Task prompt: Would you give again, exactly as written, the lines from the opening of the records to the line with "Capri Isles Homes", that line included and pictures excluded?

Supplied records:
########

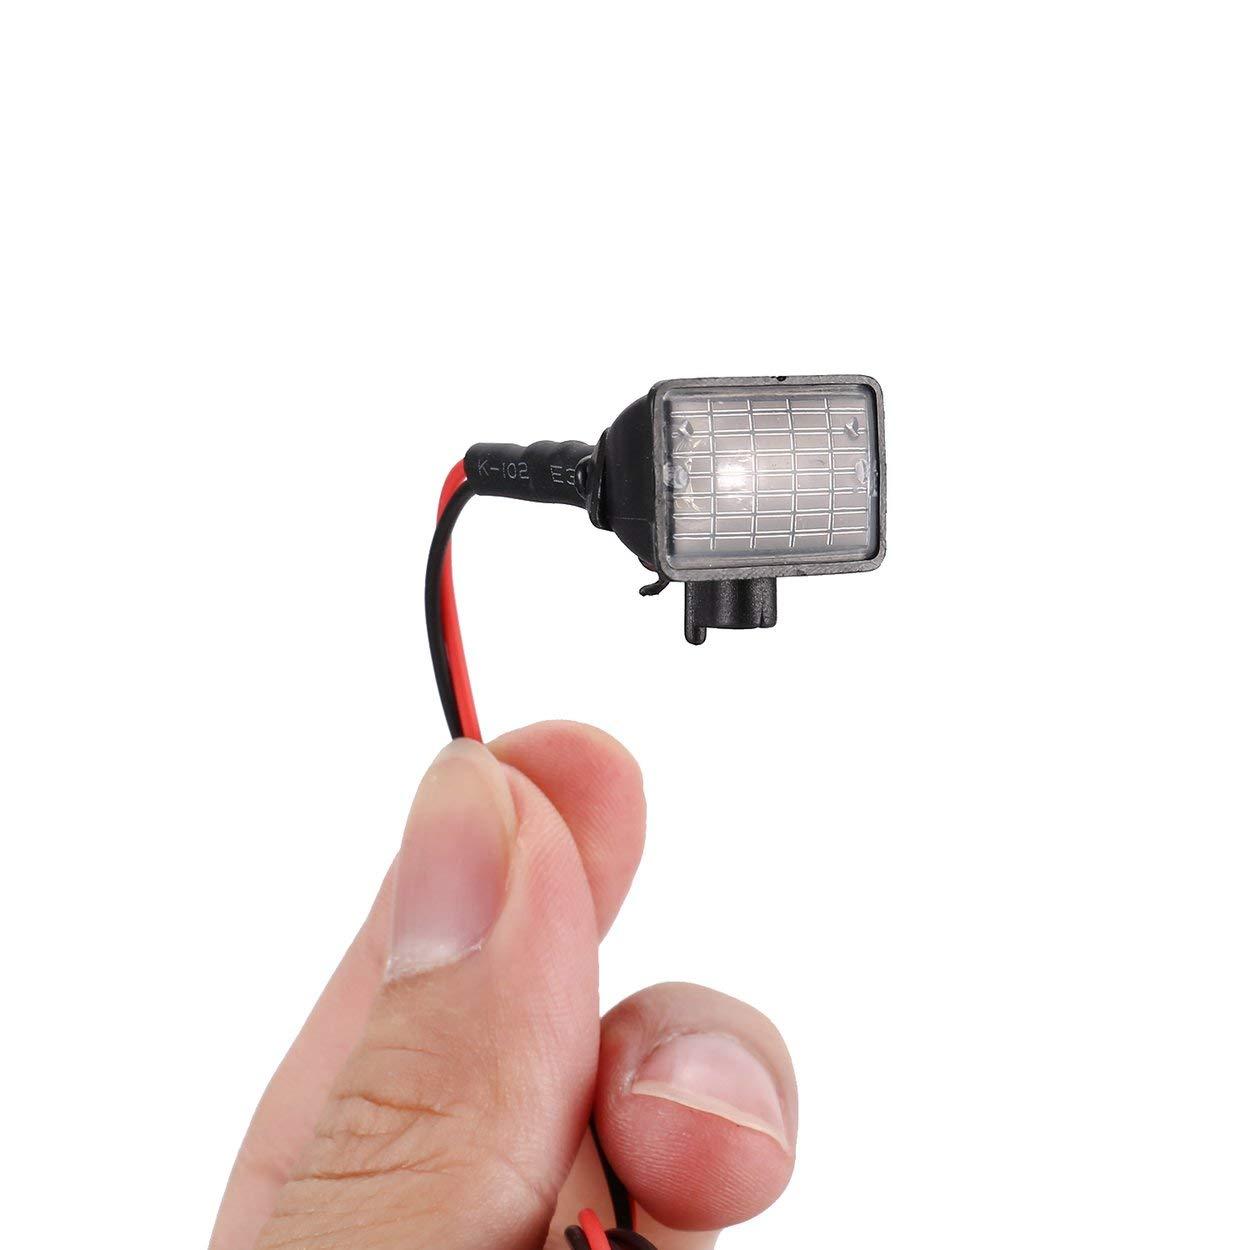 Lorenlli 4 unids RC Coche Multi Funci/ón Cuadrada L/ámpara de Luz LED con Pantalla para RC Coche 1//10 SCX10 D90 TRX4 Modelo Crawler Car
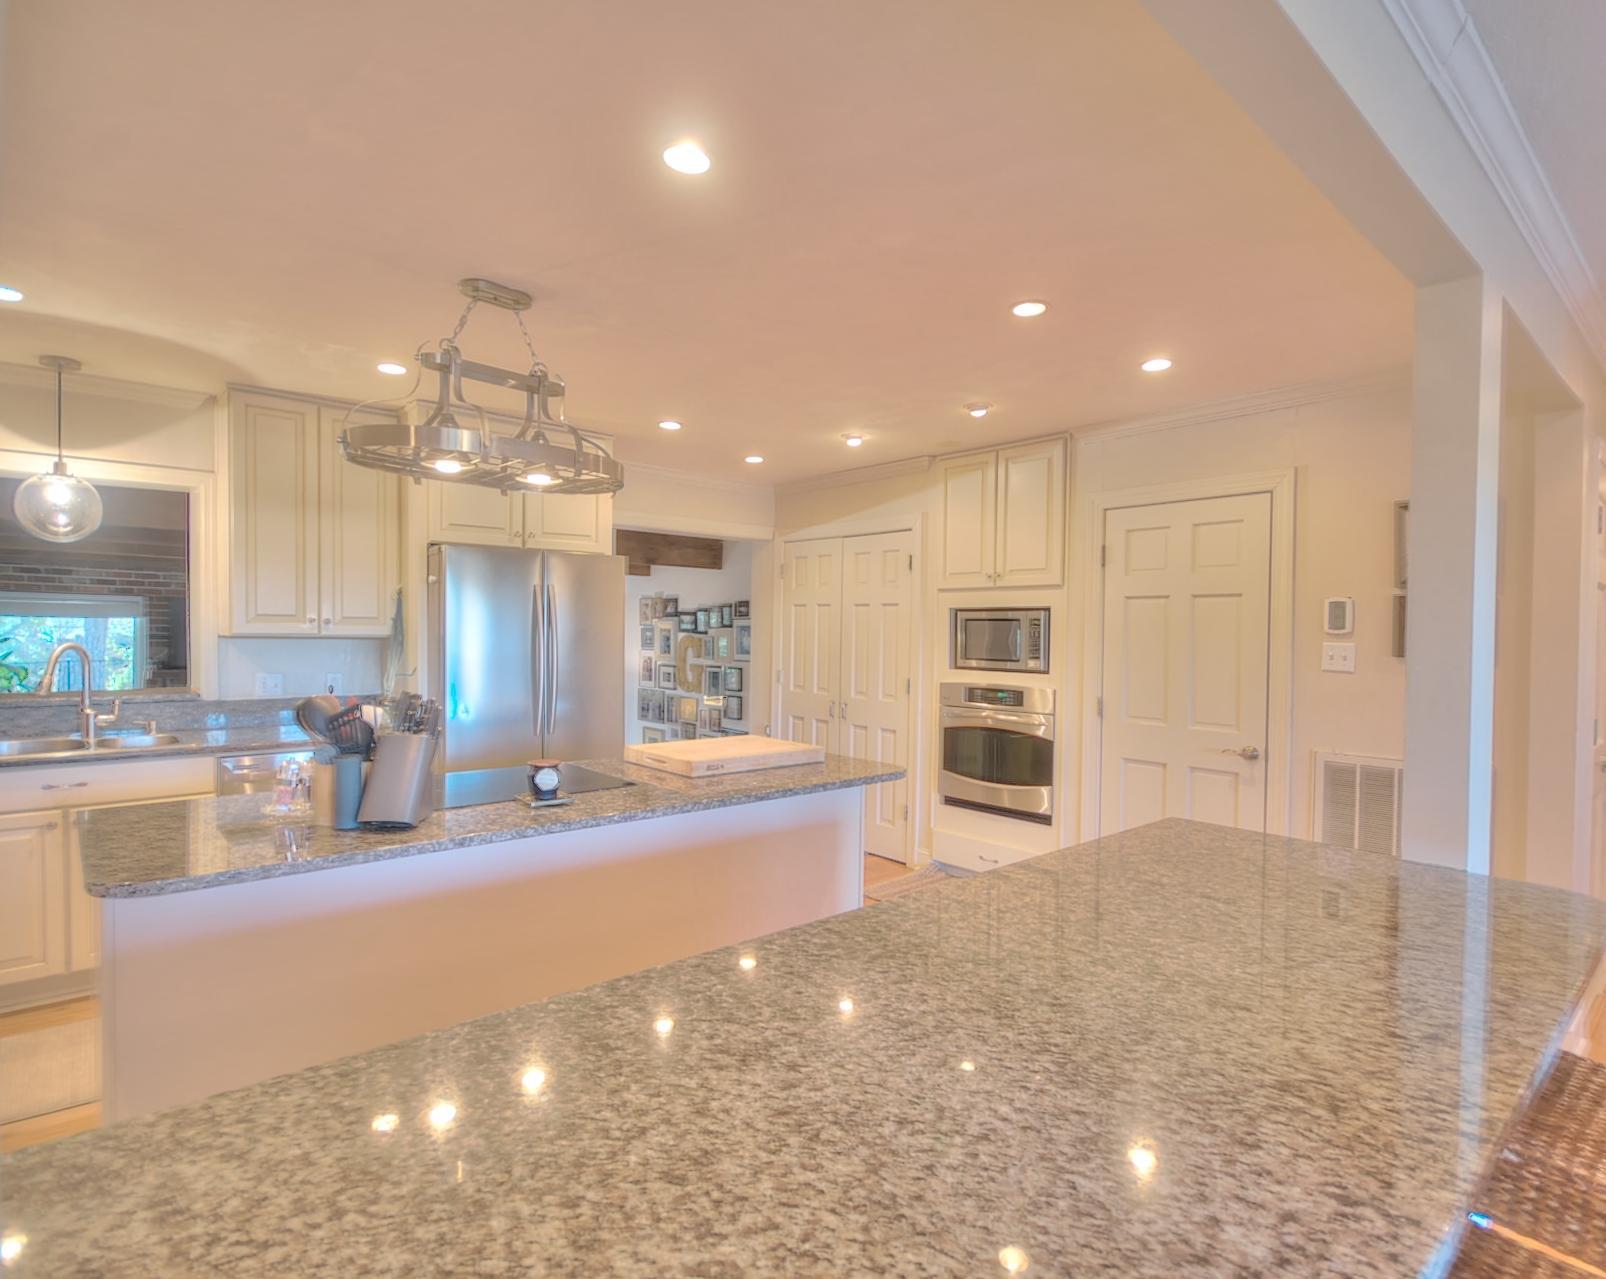 Capri Isles Homes For Sale - 213 Wappoo, Charleston, SC - 3
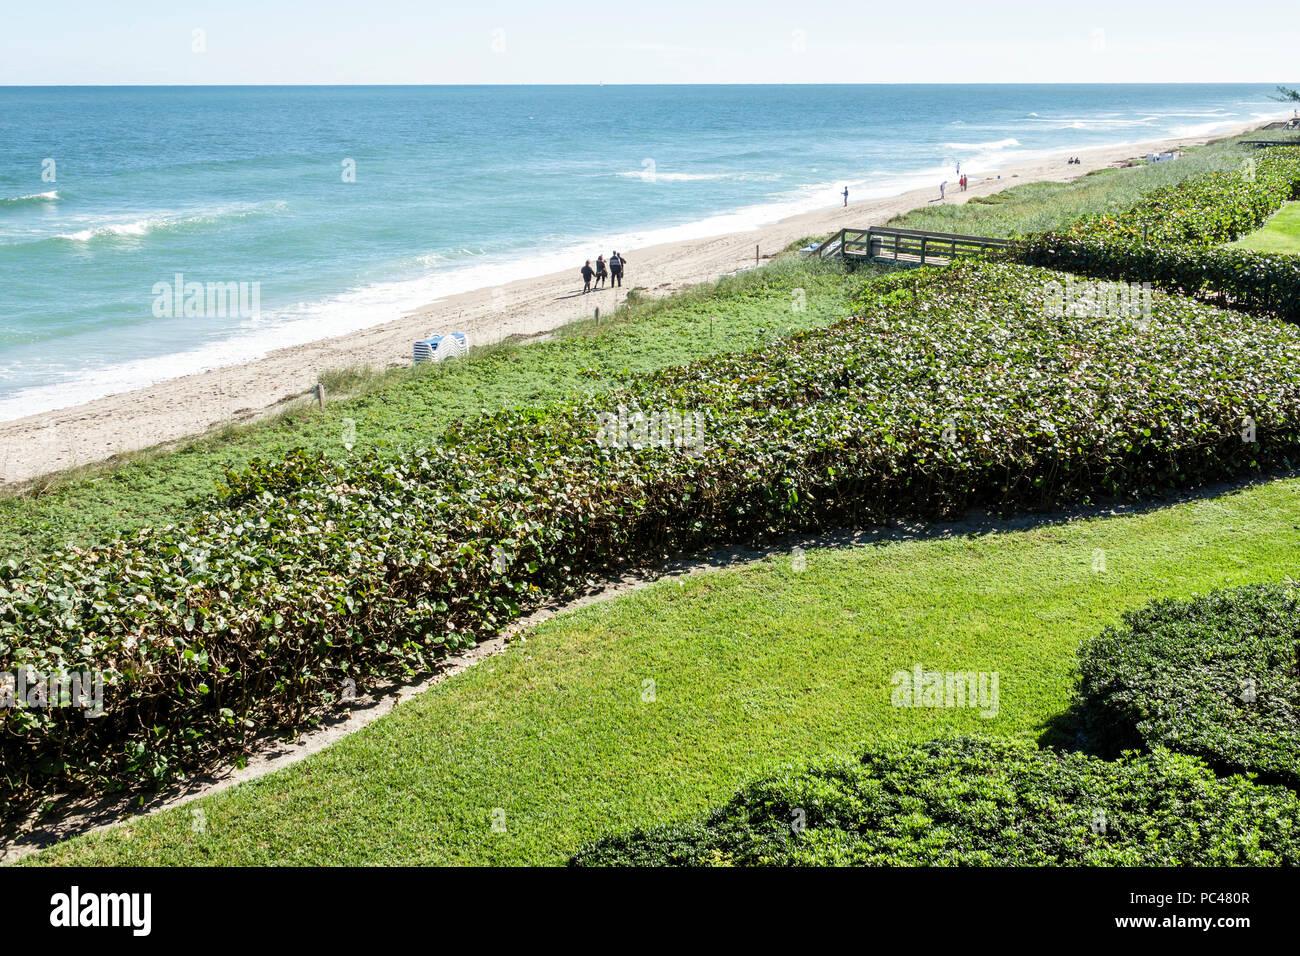 Florida Jensen Beach Hutchinson Island Starwood Vistana Beach Club Atlantic Ocean surf sand water - Stock Image
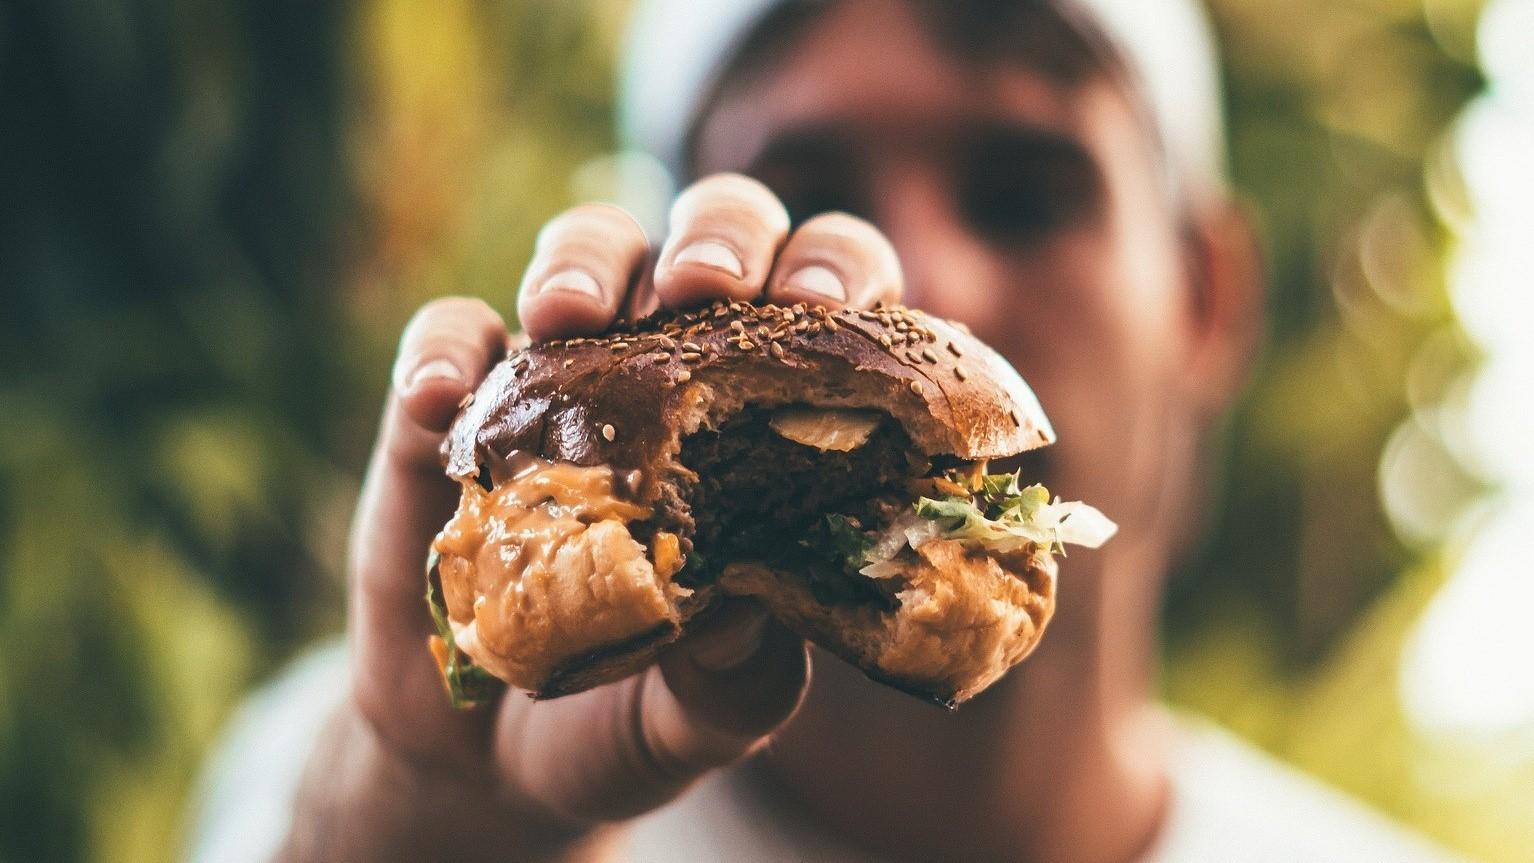 Coonass Cheese Burger - Smoky pork & mature cheddar, pickle, onion & awesome saucebutter toasted brioche bun70,- kr
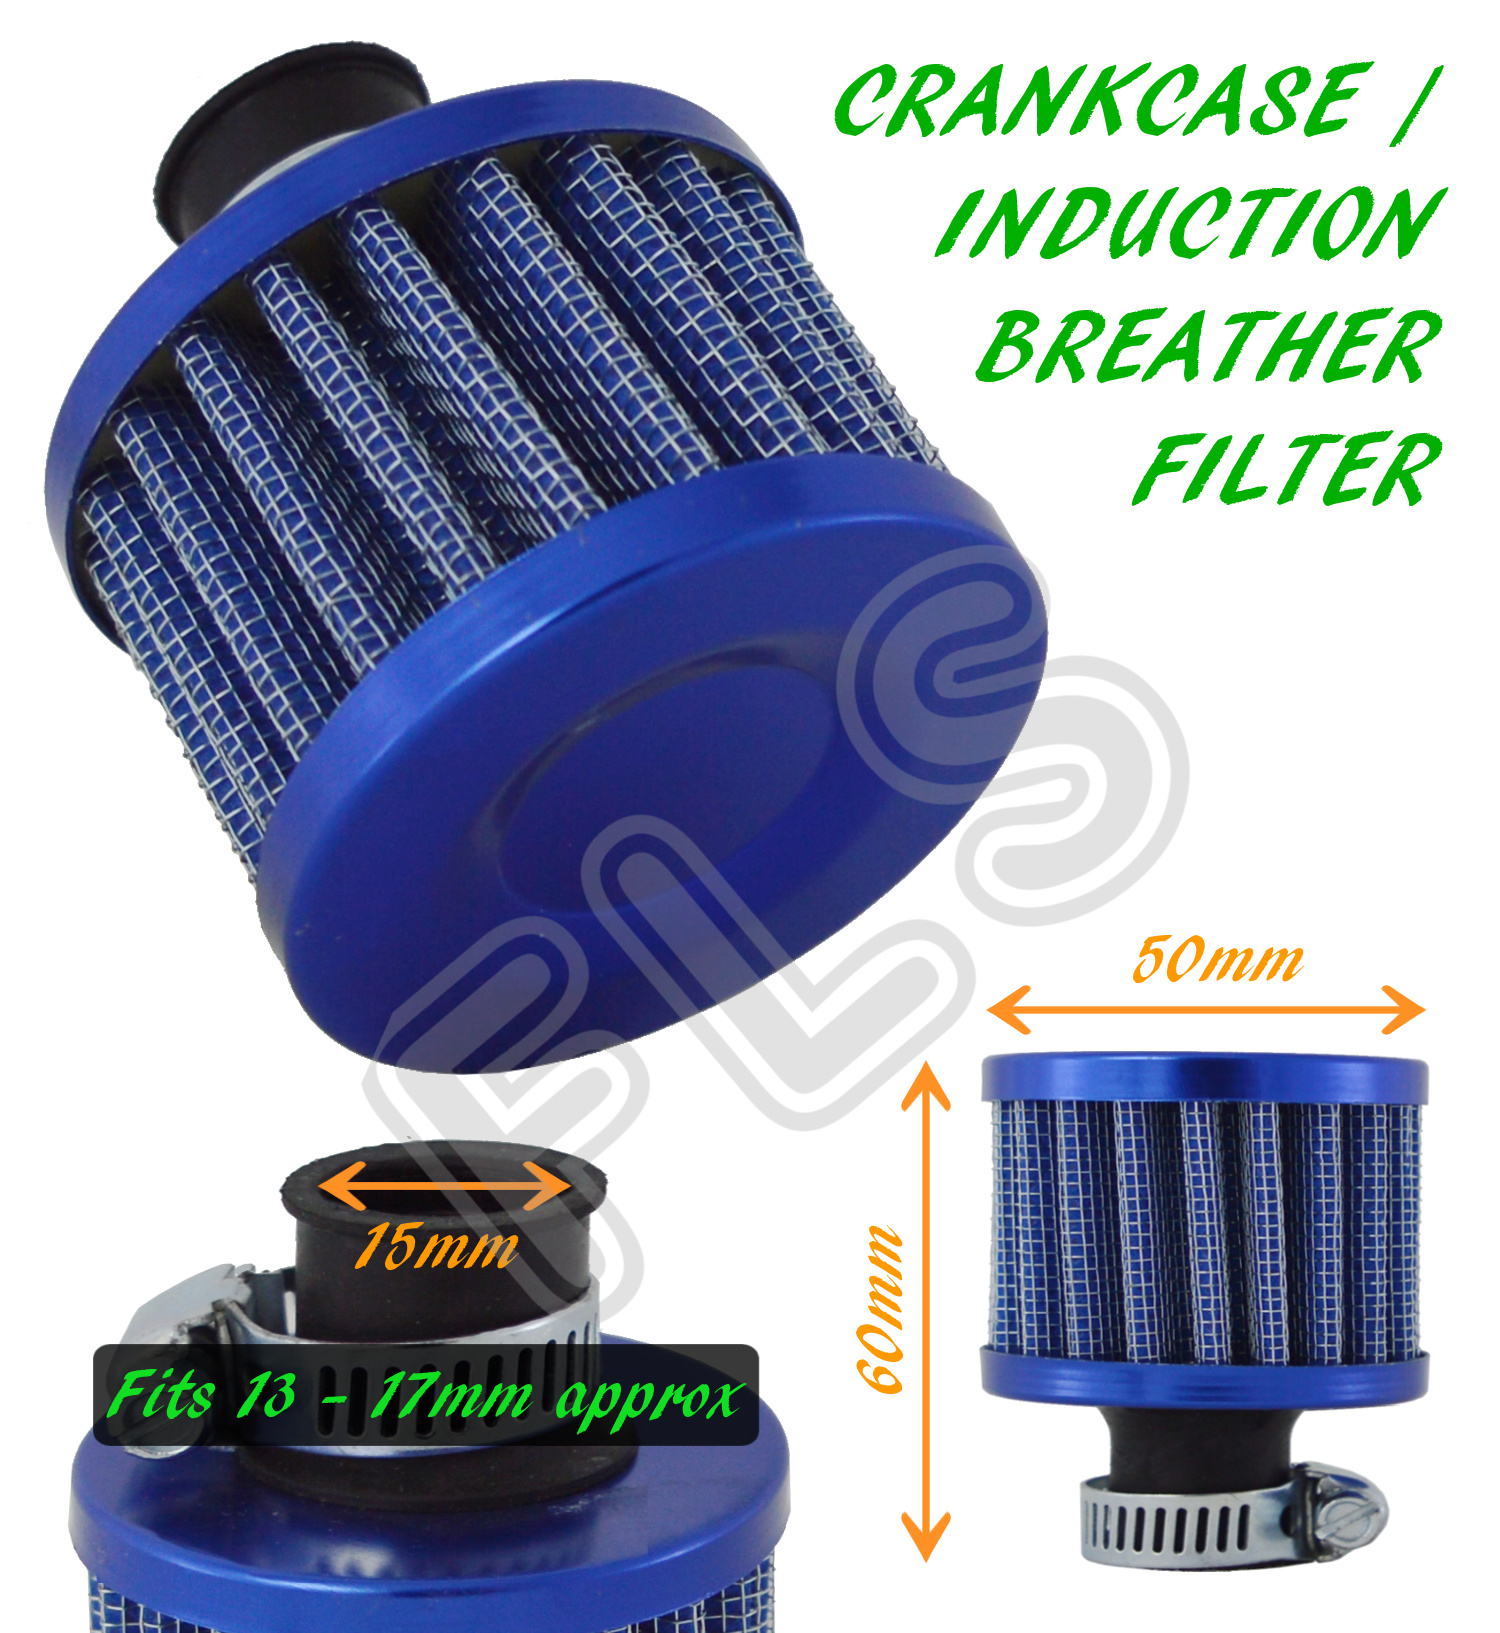 FUEL CRANKCASE ENGINE CAR VW 1 OIL MINI BREATHER AIR FILTER BLUE

########

Response box:
 Lorenlli 4 unids RC Coche Multi Funci/ón Cuadrada L/ámpara de Luz LED con Pantalla para RC Coche 1//10 SCX10 D90 TRX4 Modelo Crawler Car
 Capri Isles Homes For Sale - 213 Wappoo, Charleston, SC - 3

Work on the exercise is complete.